ACTIVITY — Print all of the data exactly, but drop the pictures.
*** Opening PROVIDED DATA ***
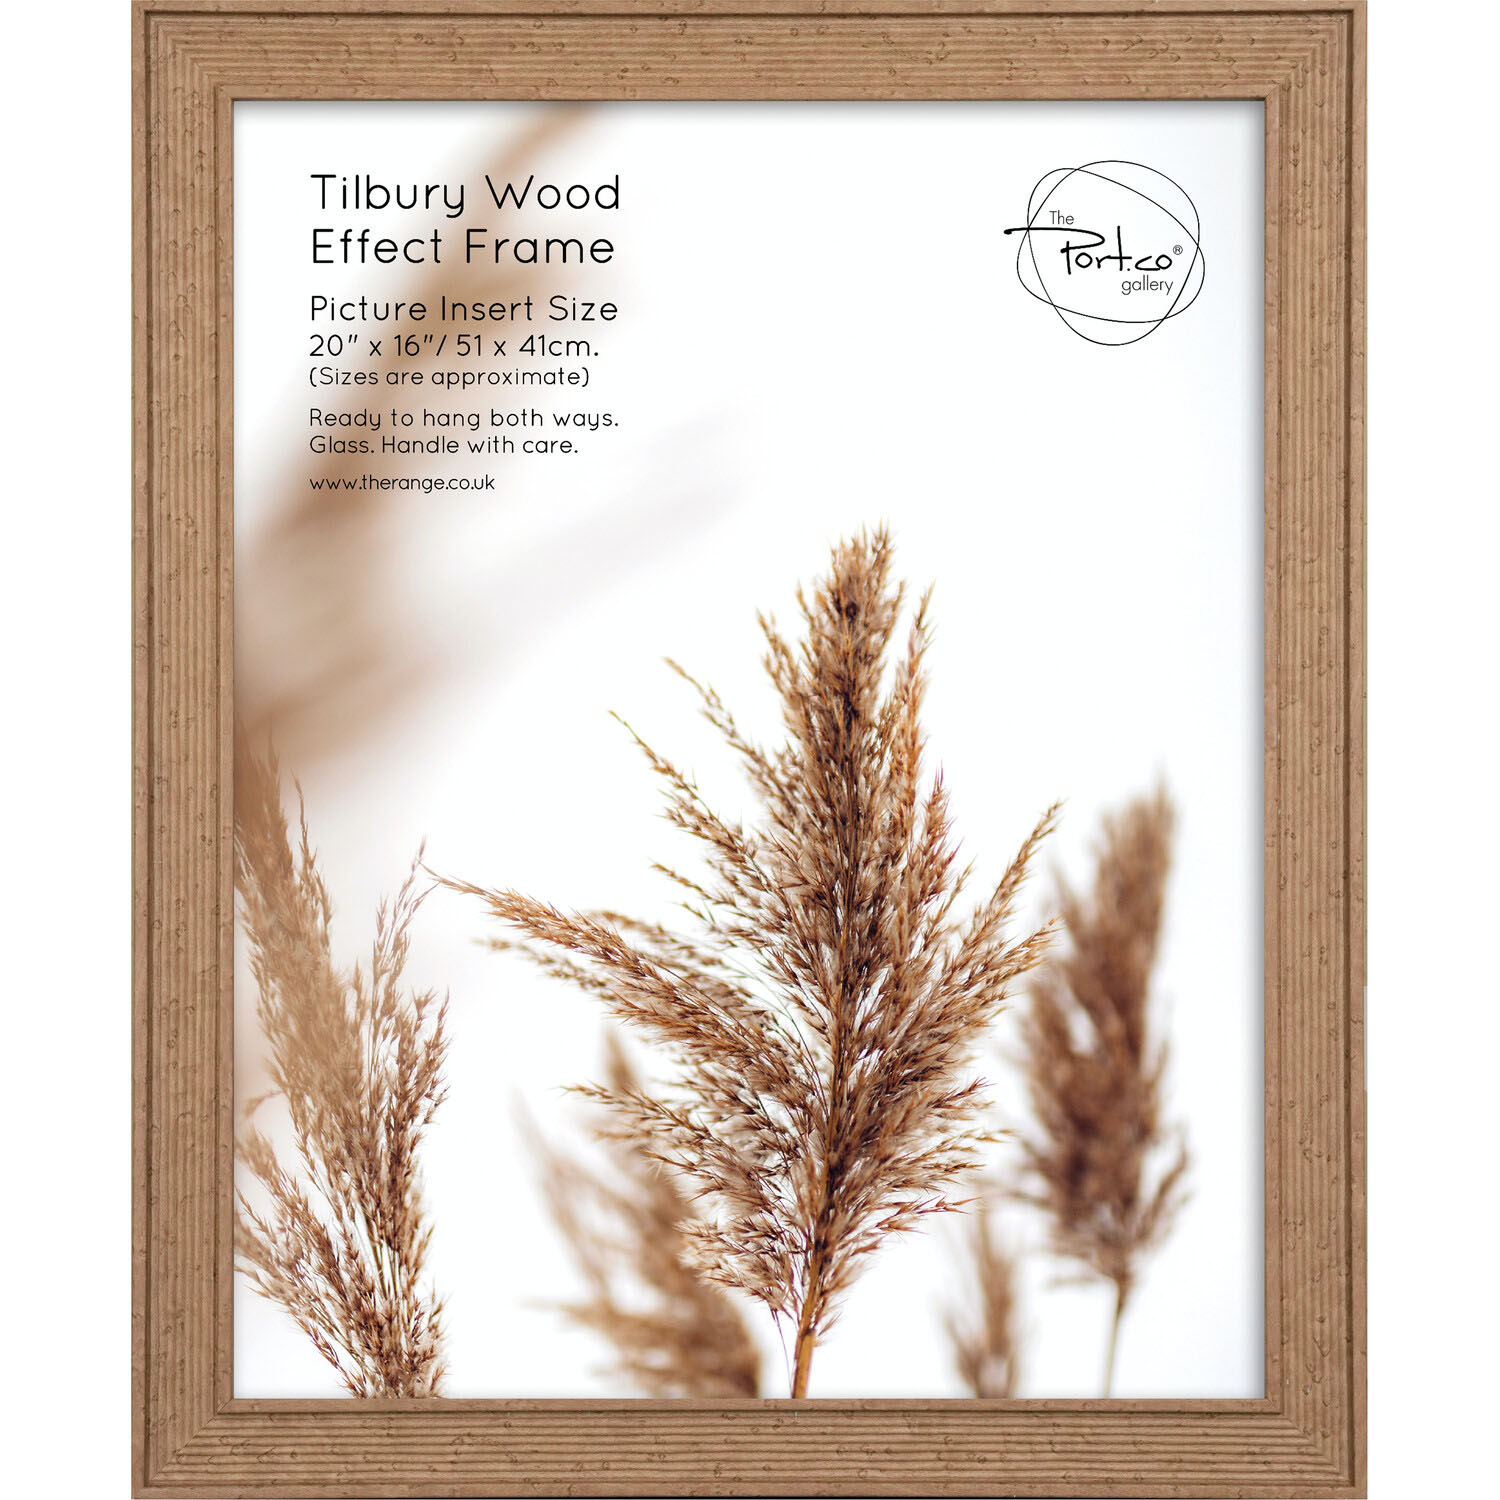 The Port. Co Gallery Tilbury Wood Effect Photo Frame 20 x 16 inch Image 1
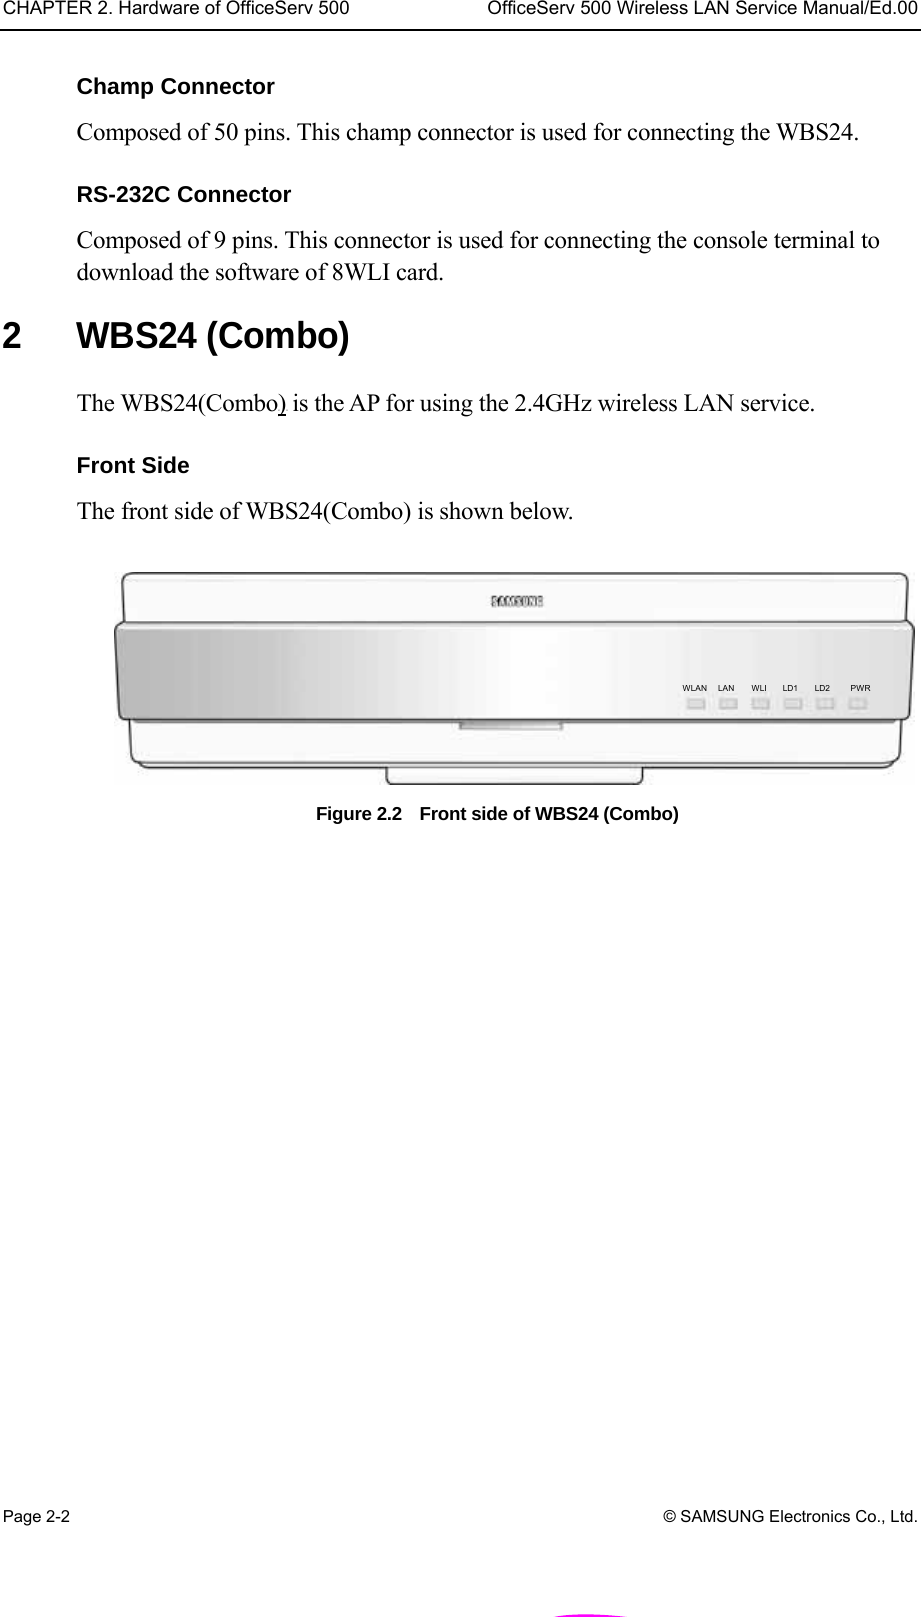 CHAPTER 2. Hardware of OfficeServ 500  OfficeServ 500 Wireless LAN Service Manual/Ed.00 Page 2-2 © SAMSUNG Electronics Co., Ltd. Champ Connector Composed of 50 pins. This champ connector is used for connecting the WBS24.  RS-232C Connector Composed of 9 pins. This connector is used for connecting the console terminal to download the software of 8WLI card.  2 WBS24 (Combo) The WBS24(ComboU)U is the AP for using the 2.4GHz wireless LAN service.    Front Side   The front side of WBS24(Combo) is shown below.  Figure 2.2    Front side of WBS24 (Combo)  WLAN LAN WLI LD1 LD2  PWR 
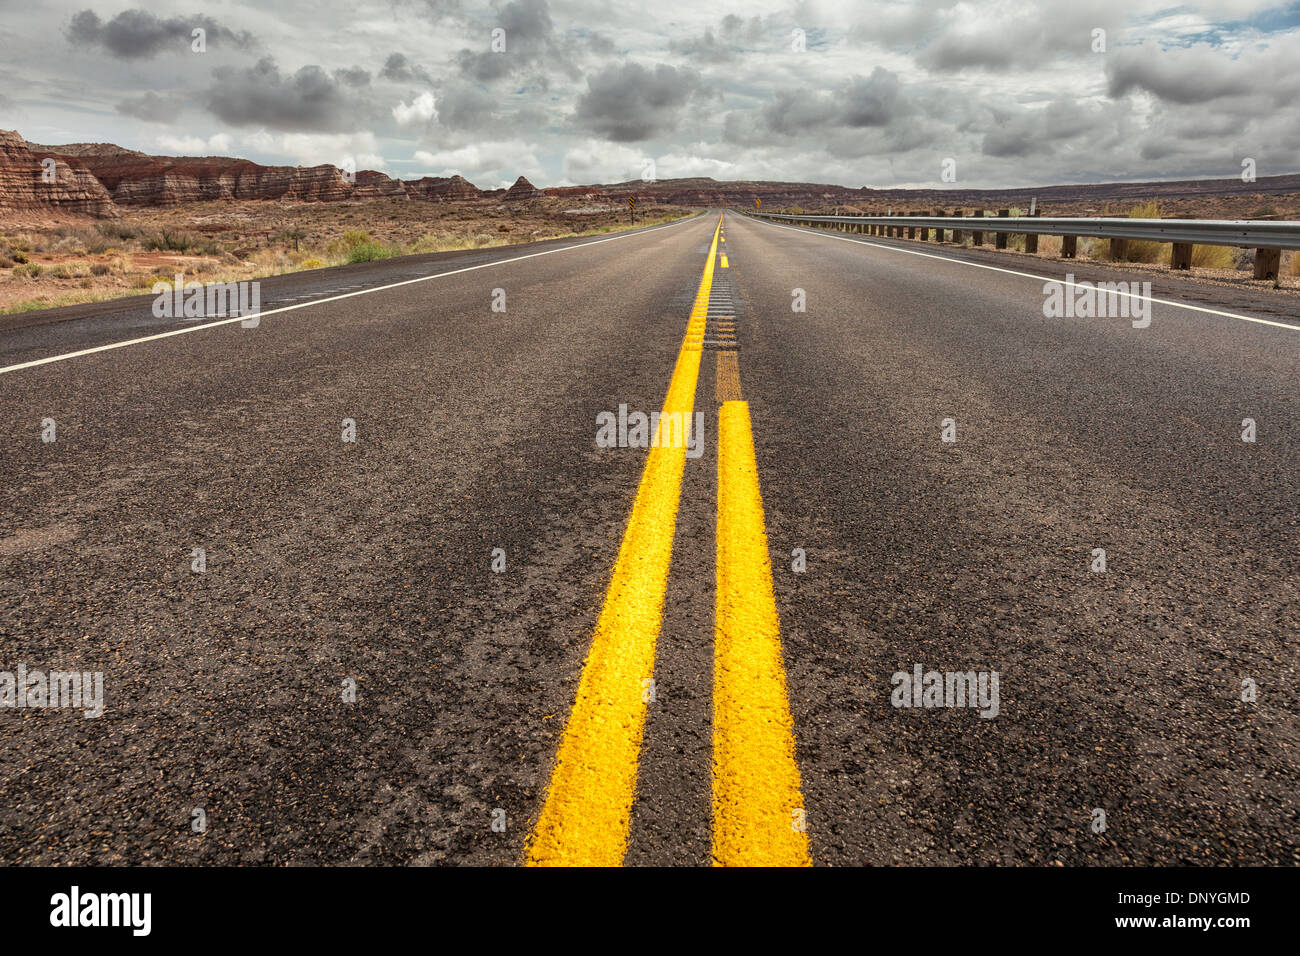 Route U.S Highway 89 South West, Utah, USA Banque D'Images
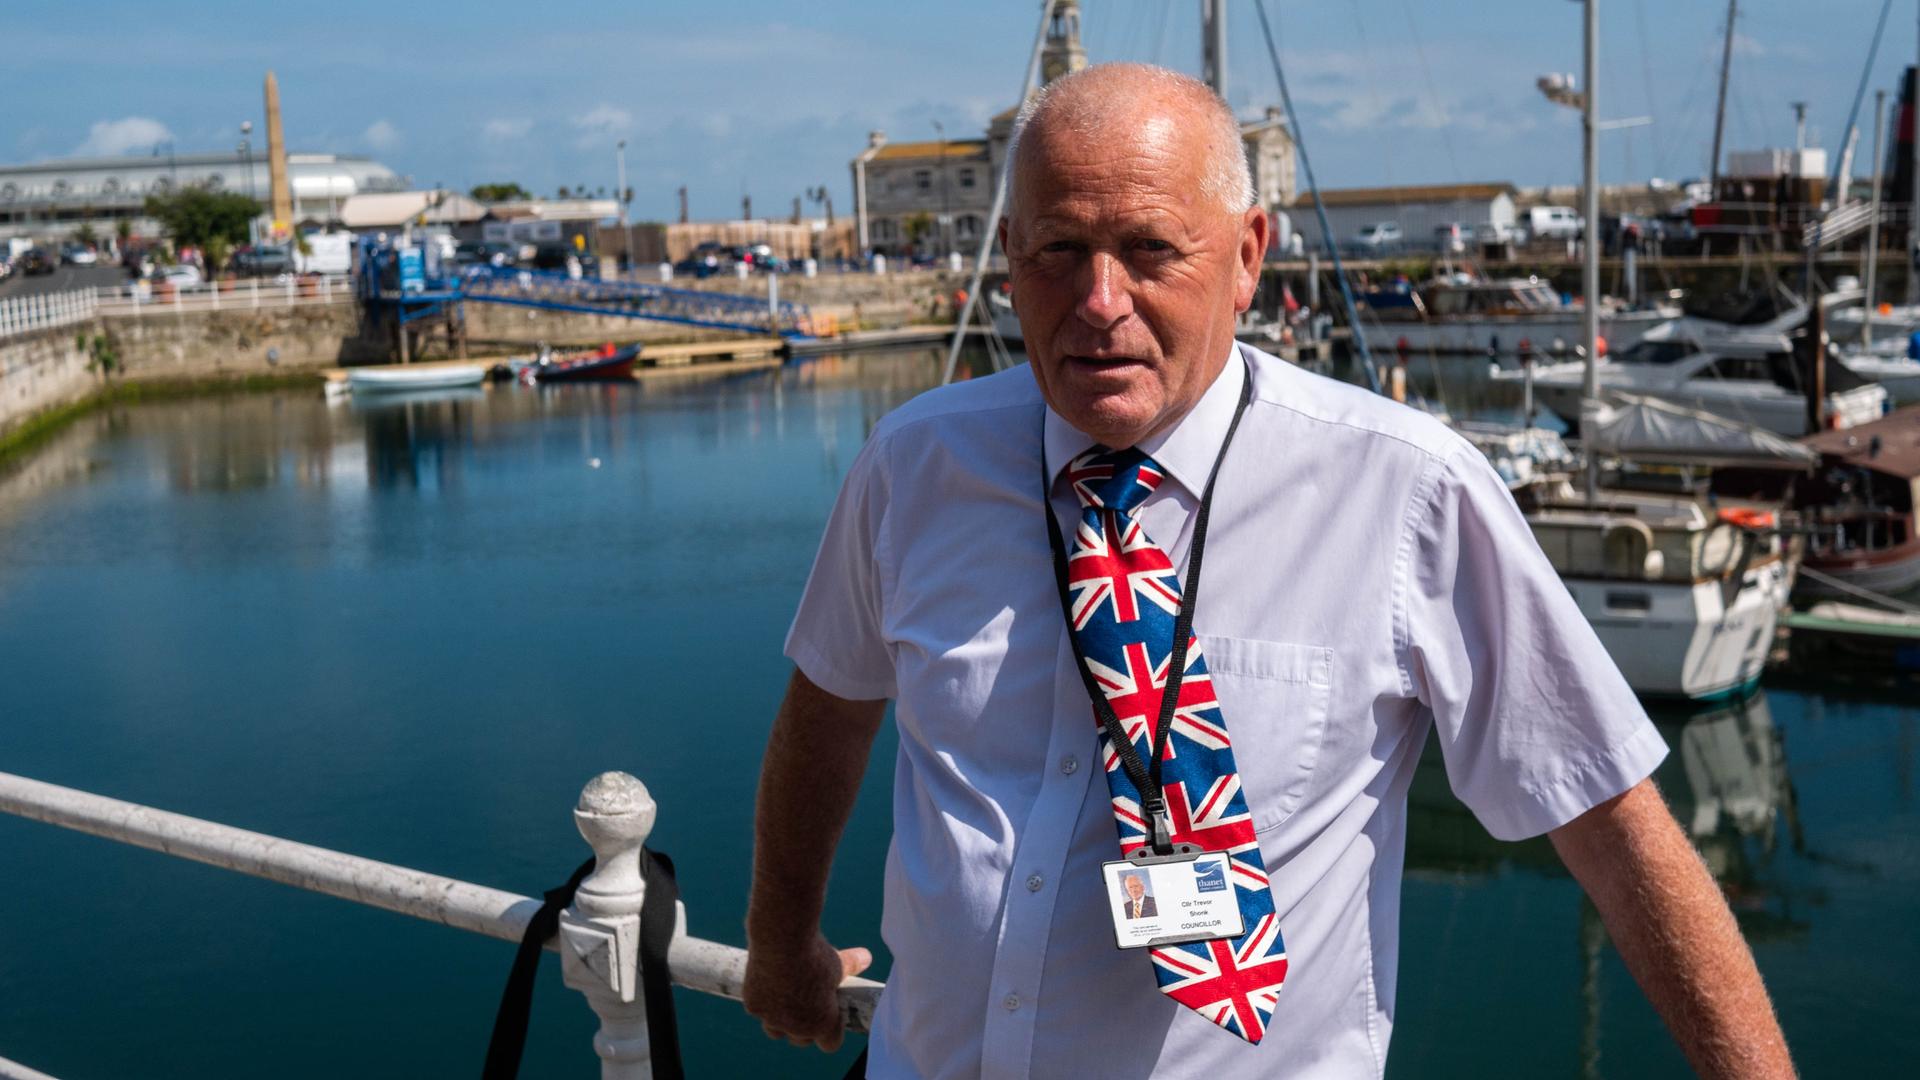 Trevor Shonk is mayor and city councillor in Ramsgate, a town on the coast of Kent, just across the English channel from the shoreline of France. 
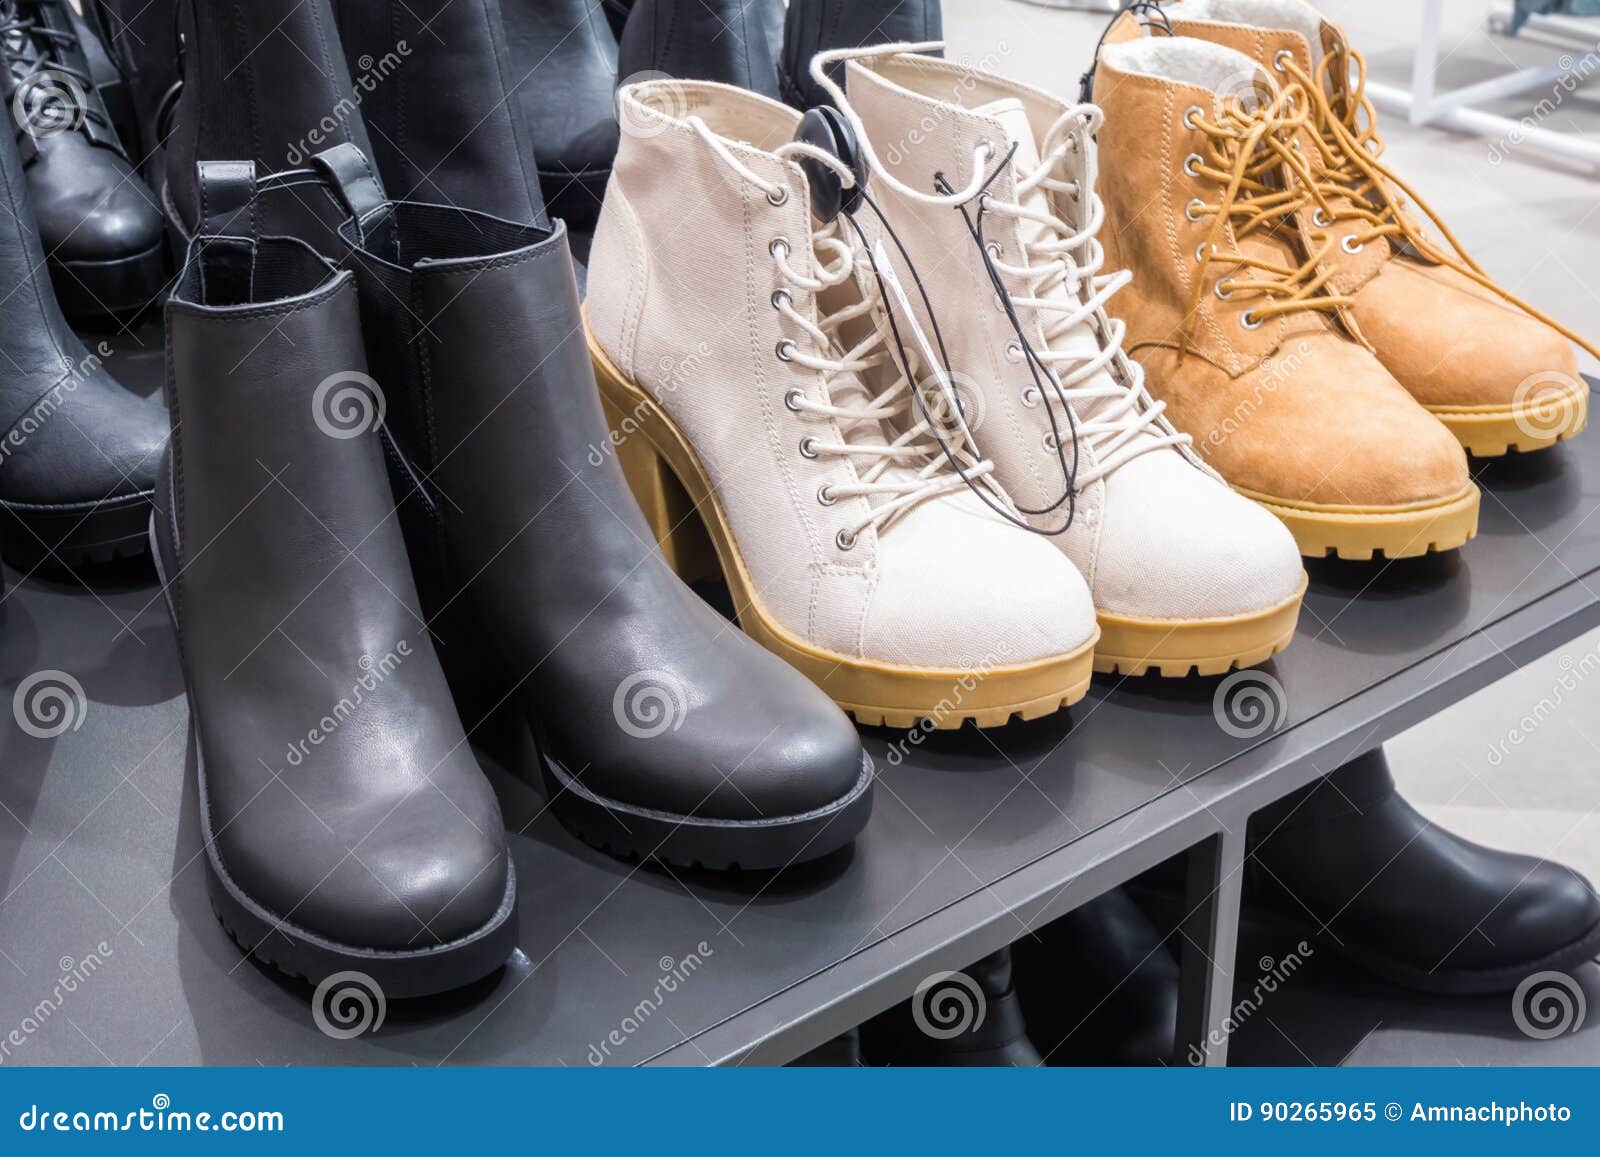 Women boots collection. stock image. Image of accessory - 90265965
*** Closing PROVIDED DATA ***
ANSWER SECTION —
 The Port. Co Gallery Tilbury Wood Effect Photo Frame 20 x 16 inch Image 1
 CHAPTER 2. Hardware of OfficeServ 500  OfficeServ 500 Wireless LAN Service Manual/Ed.00 Page 2-2 © SAMSUNG Electronics Co., Ltd. Champ Connector Composed of 50 pins. This champ connector is used for connecting the WBS24.  RS-232C Connector Composed of 9 pins. This connector is used for connecting the console terminal to download the software of 8WLI card.  2 WBS24 (Combo) The WBS24(ComboU)U is the AP for using the 2.4GHz wireless LAN service.    Front Side   The front side of WBS24(Combo) is shown below.  Figure 2.2    Front side of WBS24 (Combo)  WLAN LAN WLI LD1 LD2  PWR 
 Route U.S Highway 89 South West, Utah, USA Banque D'Images
 Trevor Shonk is mayor and city councillor in Ramsgate, a town on the coast of Kent, just across the English channel from the shoreline of France. 
 Women boots collection. stock image. Image of accessory - 90265965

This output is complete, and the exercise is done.